Monday, June 20, 2011

Fertility and Faith

The following is the introduction to some writing I have done about fertility and faith.  Maybe someday it will be a book, maybe it will just stay blog entries. But it's offered for comments, shared stories, and suggestions.    

As an Episcopal priest in my twenties, I was surprised how frequently the subject of infertility came up in pastoral conversations with people in my church.   How was it possible that so many people had so much trouble getting pregnant?  After all, I had spent my teens being drilled with the knowledge that you could get pregnant from having sex just once, and possibly even from sexual activity that didn’t include “full” intercourse.  I spent my twenties trying very hard not to get pregnant in a series of relationships.  By the time my husband and I started the exciting and—at first—hopeful process of trying conceive, it felt like a relief: finally my body was going to have the chance to do what it had been built to do.   Even the knowledge that my own parents had struggled to conceive (I am an only child born 14 years into their marriage) didn’t prepare me to expect trouble. 

As month after month went by, I realized that there was a real chance I would be joining the women I had counseled.   As we moved from “don’t worry—it’ll happen sometime” to “maybe we should go see a doctor” to “I’m ready to try in vitro fertilization” I felt like I didn’t have much of a model for how to approach this or pray about it as a progressive 21st Century Christian.  In scripture, there are lots of women who struggle with fertility, but they always get a baby in the end.  There is no story in the Bible in which a woman desires to have a child and remains childless.

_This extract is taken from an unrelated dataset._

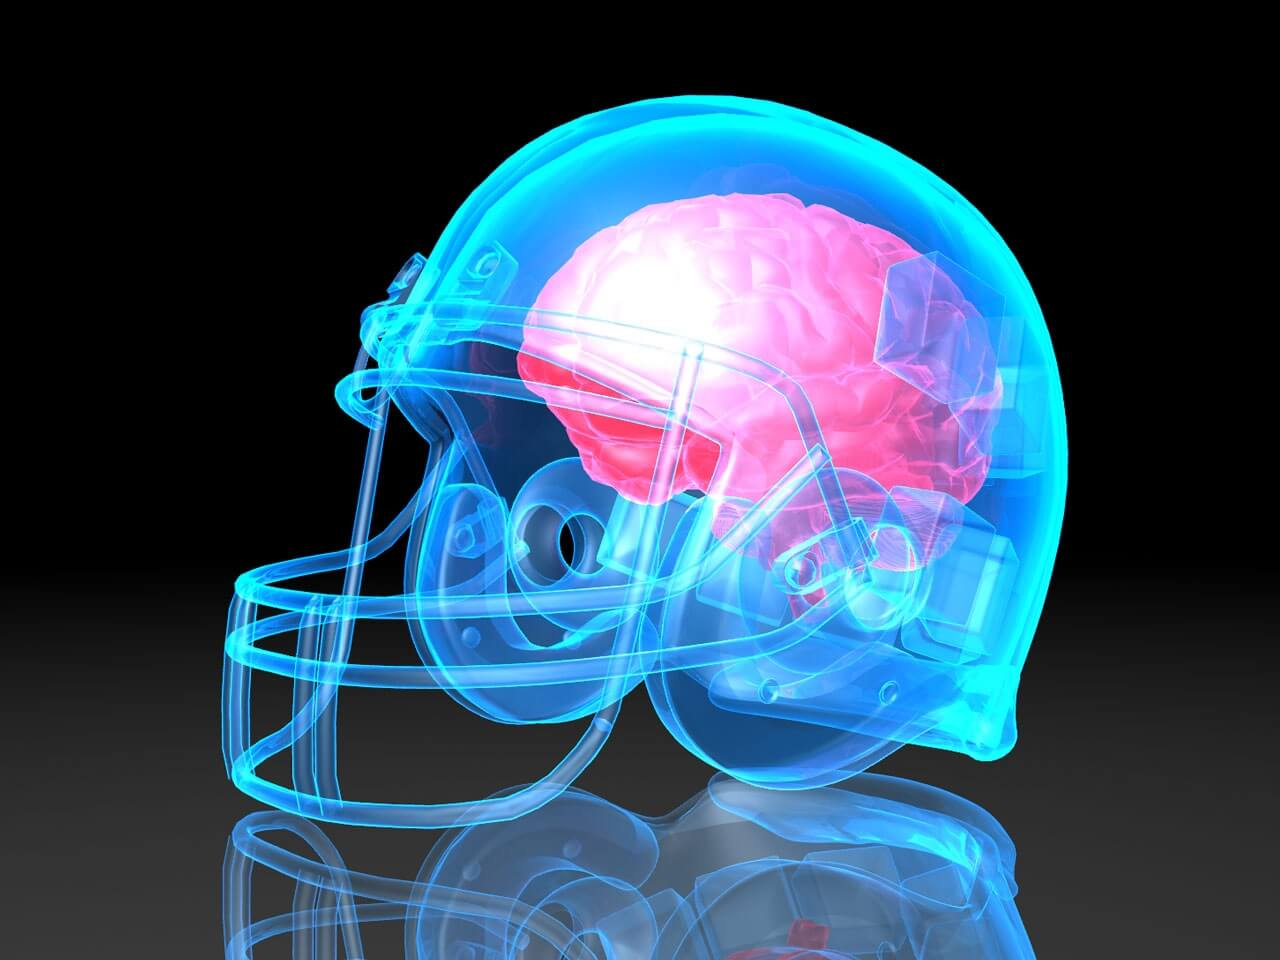 Raizner Slania Files Concussion Lawsuit On Behalf Of Mississippi State Athlete

It is also always set up as a test of faith: if you have faith, you will have a child.  This isn’t how my understanding of God works:  you can have as much faith as Hannah or laugh as much as Sarah, but whether or not you get pregnant depends upon an infinity of variables that are so far beyond being faithful.  I also start from a different perspective than the Bible regarding the value of a woman’s (or couple’s) life being tied up with her status as a mother.  I understand why societies placed a high value on a woman’s successful production of offspring in previous centuries; but since I don’t accept that valuation in my culture today, the stakes felt like they should be lower today.  Regardless of the lack of biblical models, it is possible to be a person of deep faith and be unable to conceive, and I didn’t want to be embittered if motherhood was not the path God was calling me toward. 

But I struggled with my prayers.  They often felt selfish, or like I was bargaining with God, “Please God, if you’ll just let me get pregnant, I’ll never ask you for anything again….” And I was full of anger.  Not specifically directed at God, but it often poured out towards friends who seemed to conceive at just steamy look from their husbands. 

I also noted the lack of moral and ethical guides beyond the strict teachings of the Roman Catholic and more fundamentalist Christian churches.  If your starting point is that having children is a good thing, and a way of better loving God and your neighbor, but it is not the only way of loving God and neighbor, a host of moral dilemmas come up along the way.  If I’m going to spend $15,000 (or more) on trying to have a baby, what else could that $15,000 do? In the midst of our fertility struggle, my husband and I traveled to rural Tanzania.  For $15,000 we could have funded half of the building of a residential high school for girls—or built wells for safe drinking water in several villages, liberating other women and girls from the daily labor of walking miles to get water. 

The comedian Lewis Black refers repeatedly to frozen embryos as “mini-pizzas” in a hilarious routine—but if you believe an embryo is something more than a mini-pizza, but something less than an actual person, how do you approach their creation and—possibly—destruction?  If I had a chance to create a bunch of embryos that would give me a better chance of conceiving at least one child, I wanted to create them.  I like having a backup plan—but how would I feel about backup embryos?

This writing is offered as a companion to women and couples who are struggling with fertility and faith.  My experience didn’t cover the totality of fertility treatments, nor are my religious issues the same as many other women’s, but it’s a starting place for women who are wondering how walk with God along this challenging road instead of walking alone or wrestling with God the entire way.